For the last thread, I'm trying to find out an error from R2 side regarding the last thread:

Thread 1 (Thread 0xb6a4fb90 (LWP 899)): ----------------> would be THREAD 3064265616 in mfcr2 logs
#0 0x0014c4e5 in vfprintf () from /lib/libc.so.6
#1 0x00156742 in fprintf () from /lib/libc.so.6
#2 0x00949d59 in ?? () from /usr/lib/libopenr2.so.3
#3 0x00000000 in ?? ()

It may be a good idea to open up an issue for openR2 as well.

By: Rusty Newton (rnewton) 2013-09-05 18:37:40.279-0500

Let us know when you are able to get libopen2 installed with debug symbols.

I'll contact the MFC/R2 Asterisk support maintainer to see if he has any ideas in the meantime.

By: Freetech Solutions (freetech) 2013-09-05 18:55:33.961-0500

Thanks Newton, I have a maint window for this Friday night. I'm planning to update libopenr2 and install it with debug symbols as well (1.3.2* to 1.3.3*).

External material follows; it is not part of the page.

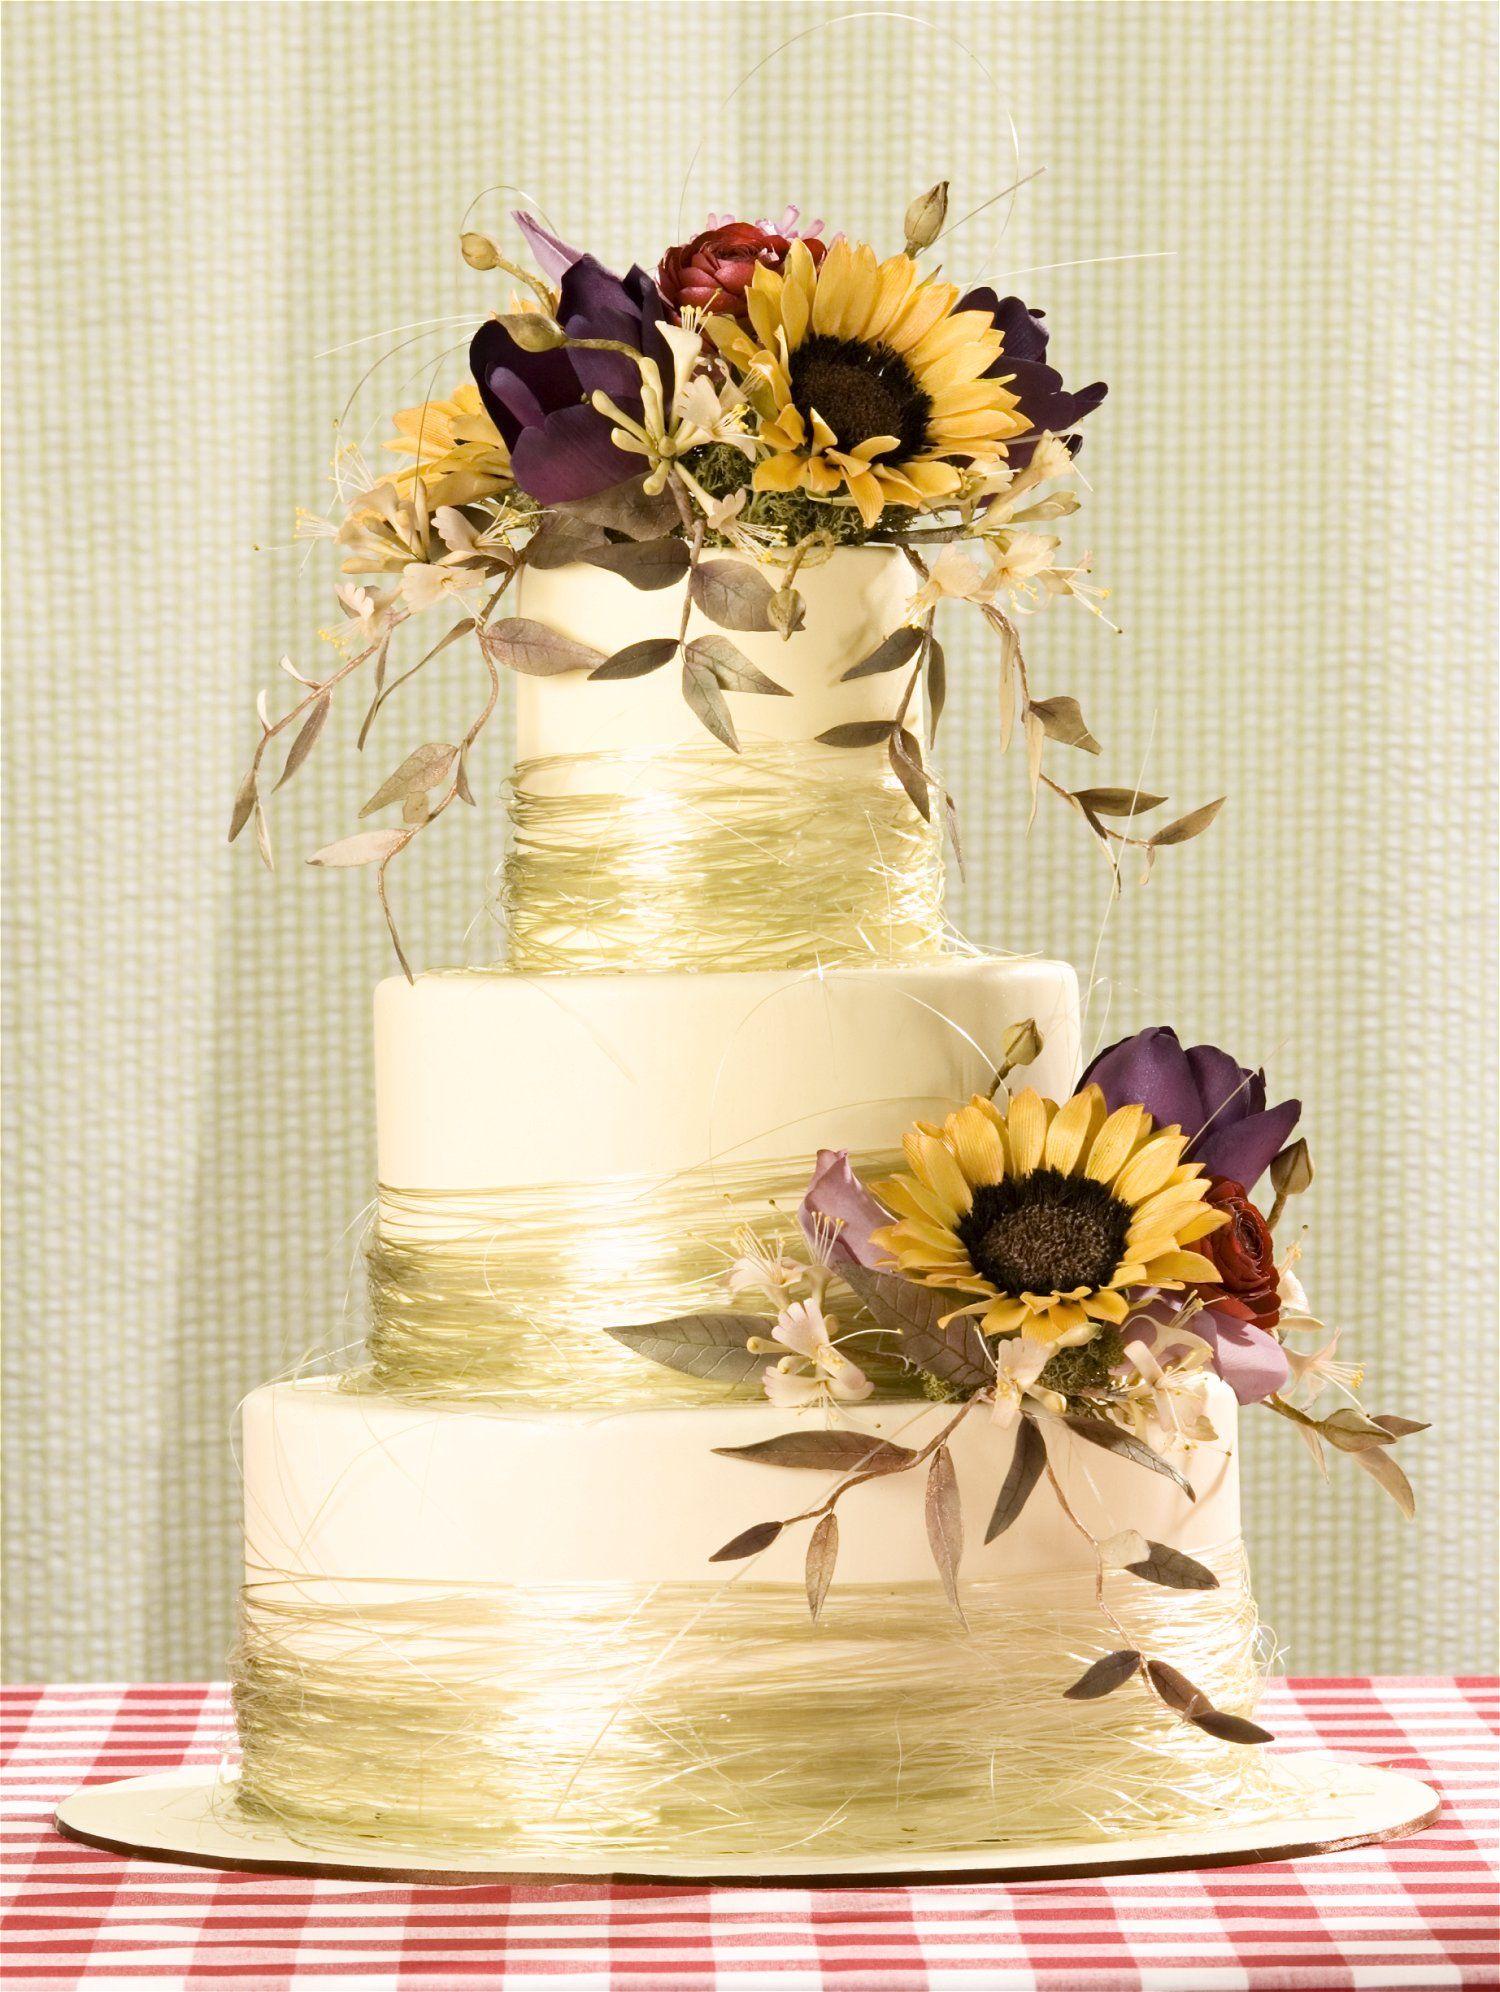 Elizabeth Hodes Custom Cakes and Sugar Art - fondant white ivory ...

Will keep an eye on it during all Saturday and next week as well and report asap.

Rgds,



By: Freetech Solutions (freetech) 2013-09-16 18:07:31.166-0500

We were not able yet to reproduce the issue again after updating libopenr2 and installing debug symbol flags.
It had been running as expected during whole past week.

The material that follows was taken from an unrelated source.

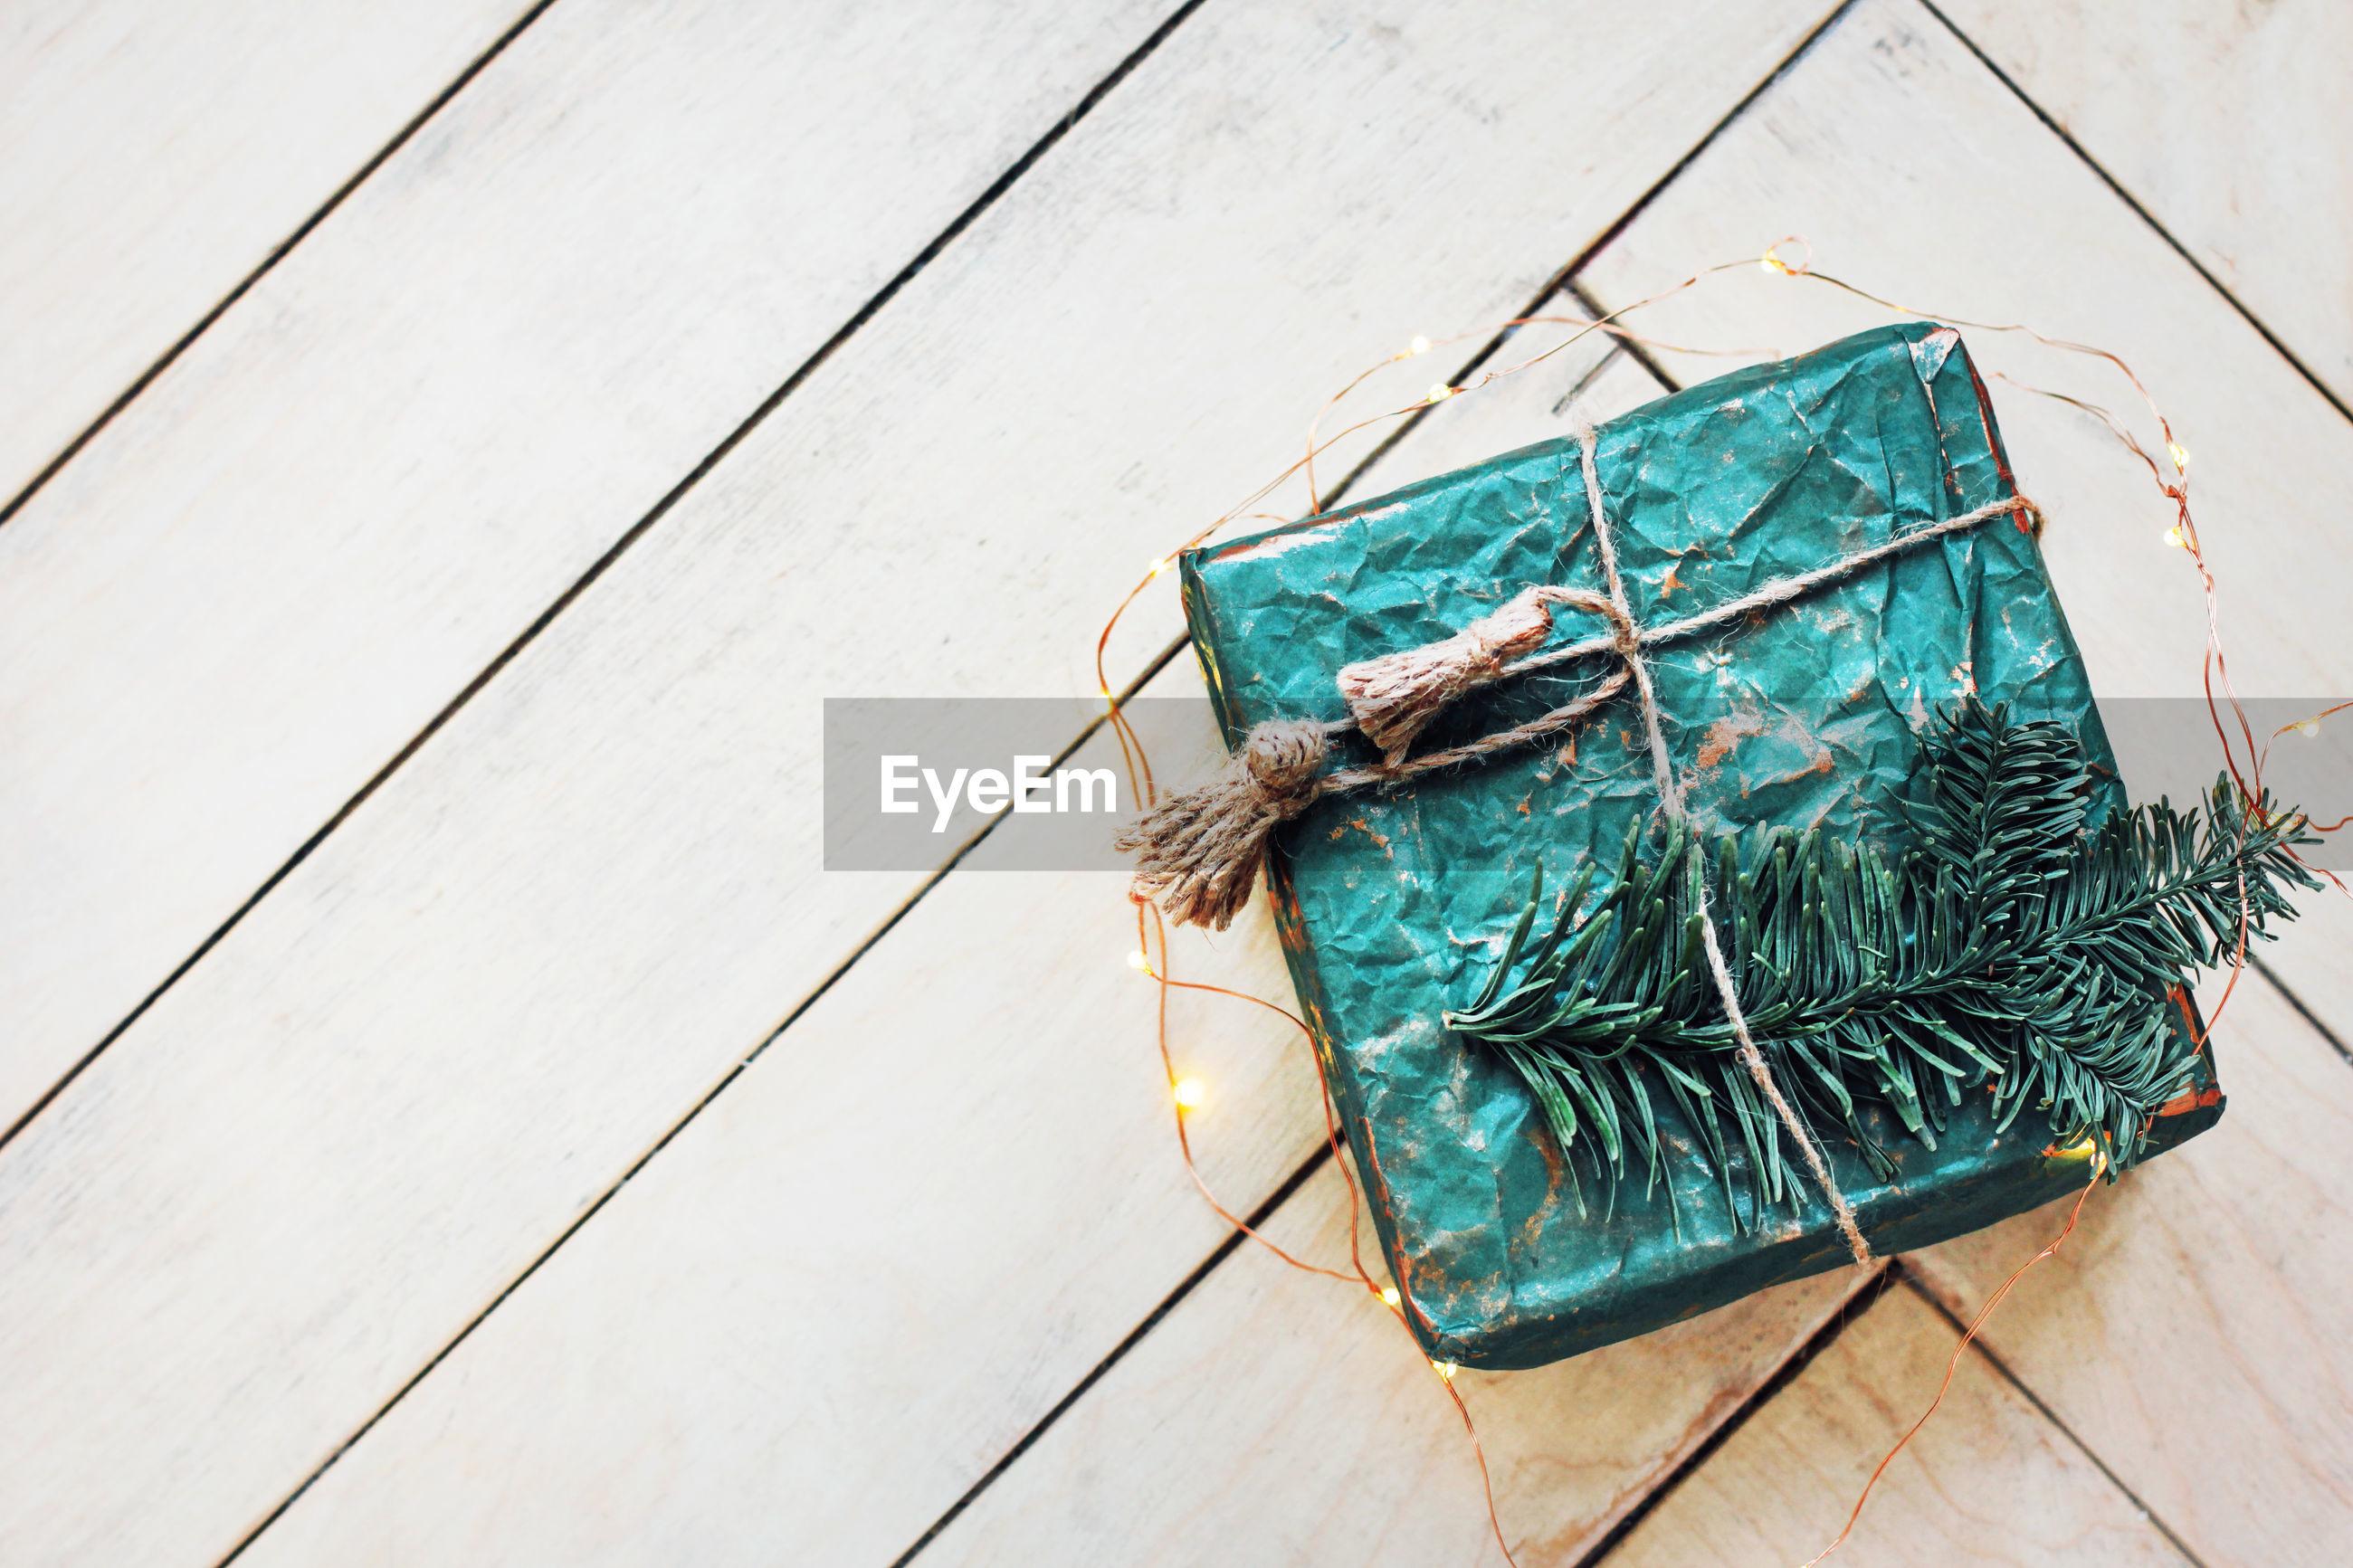 High angle view of christmas gift and string light on hardwood floor

Seems to be that the update from 1.3.2 to 1.3.3 solved the problem.
We assume that if we do not have any new report we can close this item.

Current libraries running:
libopenr2-1.3.3-0
libopenr2-devel-1.3.3-0
libopenr2-debuginfo-1.3.3-0

Rgds,

By: Rusty Newton (rnewton) 2013-09-23 22:41:37.410-0500

Give it another week and let us know. Thanks.

By: Freetech Solutions (freetech) 2013-10-10 09:38:04.900-0500

No new reports of coredumps for this environment.

Rgds,

By: Richard Mudgett (rmudgett) 2013-10-10 11:45:12.816-0500

Updating to newer version of libopenr2 resolved the issue.